Eglises d'Asie – Philippines
Le renouvellement d’une partie du Congrès, à la suite des élections du 10 mai 2004, rouvre le débat sur l’abolition de la peine de mort
Publié le 18/03/2010
Le P. Roberto Olaguer, aumônier au pénitencier national de Muntinlupa, où la chambre d’exécution par injection létale est située, s’est réjoui du report des exécutions. “Bien entendu, les condamnés ont accepté avec soulagement le décret présidentiel, a-t-il déclaré, mais naturellement ils souhaitent que la présidente commue leur peine en prison à vie, plutôt que de vivre sous la menace constante d’une prochaine exécution.” Selon lui, il faut attendre de voir comment les nouveaux élus au Congrès vont se positionner sur la question de la peine de mort. Le 10 mai dernier, les électeurs philippins ont élu leur président et leur vice-président ainsi que 12 des 24 membres du Sénat et la totalité de la Chambre des représentants.
Pour l’heure, la Coalition contre la peine de mort, collectif réunissant diverses organisations, dont l’Eglise catholique, militant contre la peine capitale, cherche à identifier les positions des nouveaux élus.

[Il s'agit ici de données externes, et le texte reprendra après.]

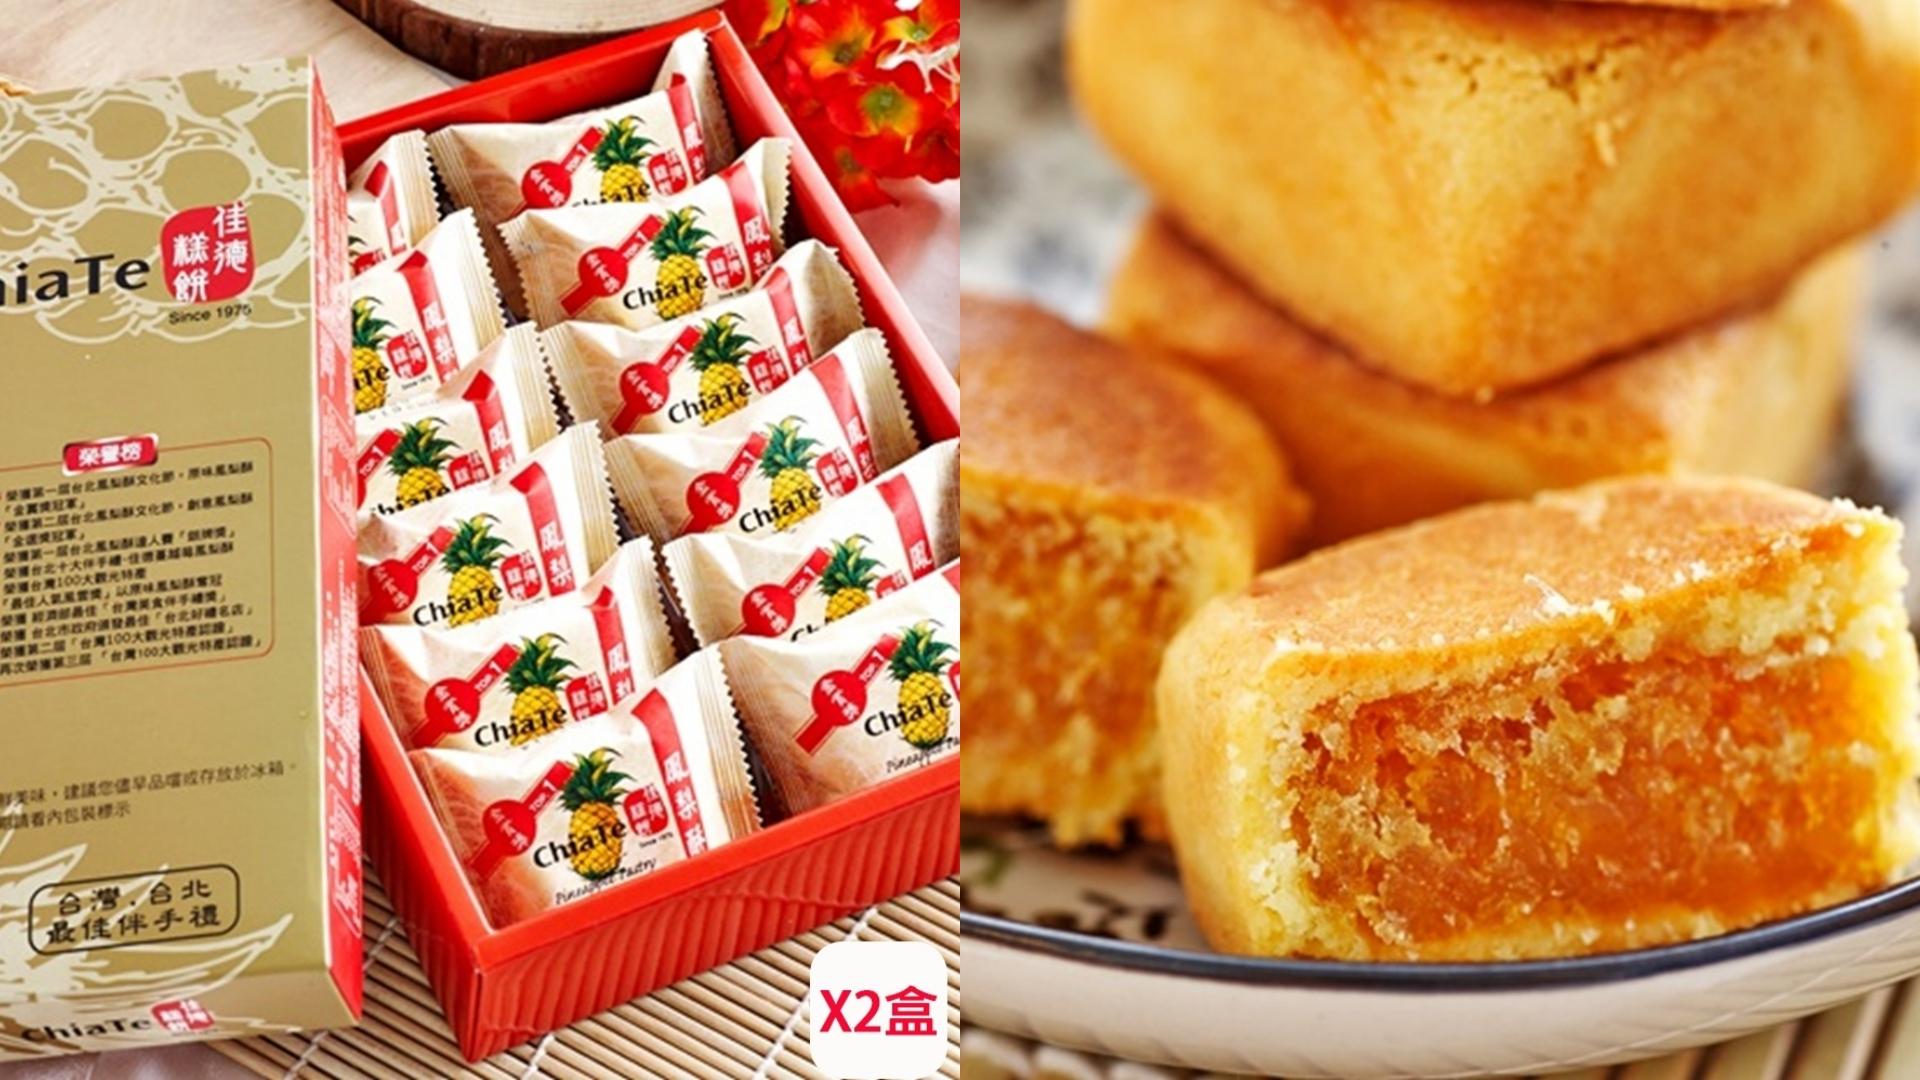 而招牌鳳梨酥,皮薄餡多、鬆香、不黏牙,能夠吃到滿滿的奶油香氣,內餡則是夾藏著口感細緻的鳳梨美味,輕輕一口就可以感受到精緻茗點,送禮自用都適合!

Selon le P. Olaguer, la difficulté vient du fait qu’“un jour, ils sont pour (l’abolition) et le lendemain ils sont contre”.
L’histoire récente de la peine capitale aux Philippines est émaillée de revirements. En 1987, à l’occasion d’amendements portés à la Constitution, la loi autorisant la peine de mort a été abolie. Puis, en 1993, le président Fidel Ramos a fait voter un texte la rétablissant et, en 1999, un premier condamné a été exécuté. Il sera suivi par six autres. En mars 2000 (1), suivant l’avis de son conseiller spirituel, Mgr Teodoro Bacani, le président Joseph Estrada a déclaré un moratoire sur les exécutions, geste justifié par le Jubilé de l’An 2000 et confirmé en octobre 2002 par Gloria Arroyo, devenue entre temps présidente (2). Aucune nouvelle condamnation à mort n’a été faite depuis, malgré la levée du moratoire en décembre 2003 par la présidente Arroyo qui a déclaré à cette date que la peine de mort s’appliquerait désormais aux violeurs et aux kidnappeurs (3). En janvier de cette année, la Cour suprême a ordonné la suspension in extremis de l’exécution de deux condamnés, après que de nouveaux éléments de nature à changer l’issue de leur procès furent apparus (4).
Pour le P. Olaguer, les évêques catholiques philippins se sont clairement prononcés pour l’abolition de la peine de mort (5). Cependant, ils souhaitent agir aujourd’hui dans une relative discrétion afin de ne pas “enrager” les partisans de la peine capitale, prompts à mettre en avant la souffrance des proches des victimes. S’agissant de la présidente, le prêtre estime que les exécutions seront repoussées tant que le Congrès ne se sera pas prononcé. Après cela, “la présidente pourra alors dire que, quelle que soit son opinion sur la question, elle doit suivre la voix du législateur”. Récemment, Mgr Pedro Arigo, évêque de Palawan et président de la Commission épiscopale pour la pastorale des prisons, a écrit à Gloria Arroyo pour lui demander d’abolir la peine capitale et de donner une chance aux condamnés de se convertir. A ce jour, 1 025 détenus ont reçu une condamnation à mort, sentence qui doit être confirmée par la Cour suprême pour devenir effective. De 1995 à 1999, la Cour suprême a étudié 175 cas et confirmé le châtiment suprême pour 24 condamnés.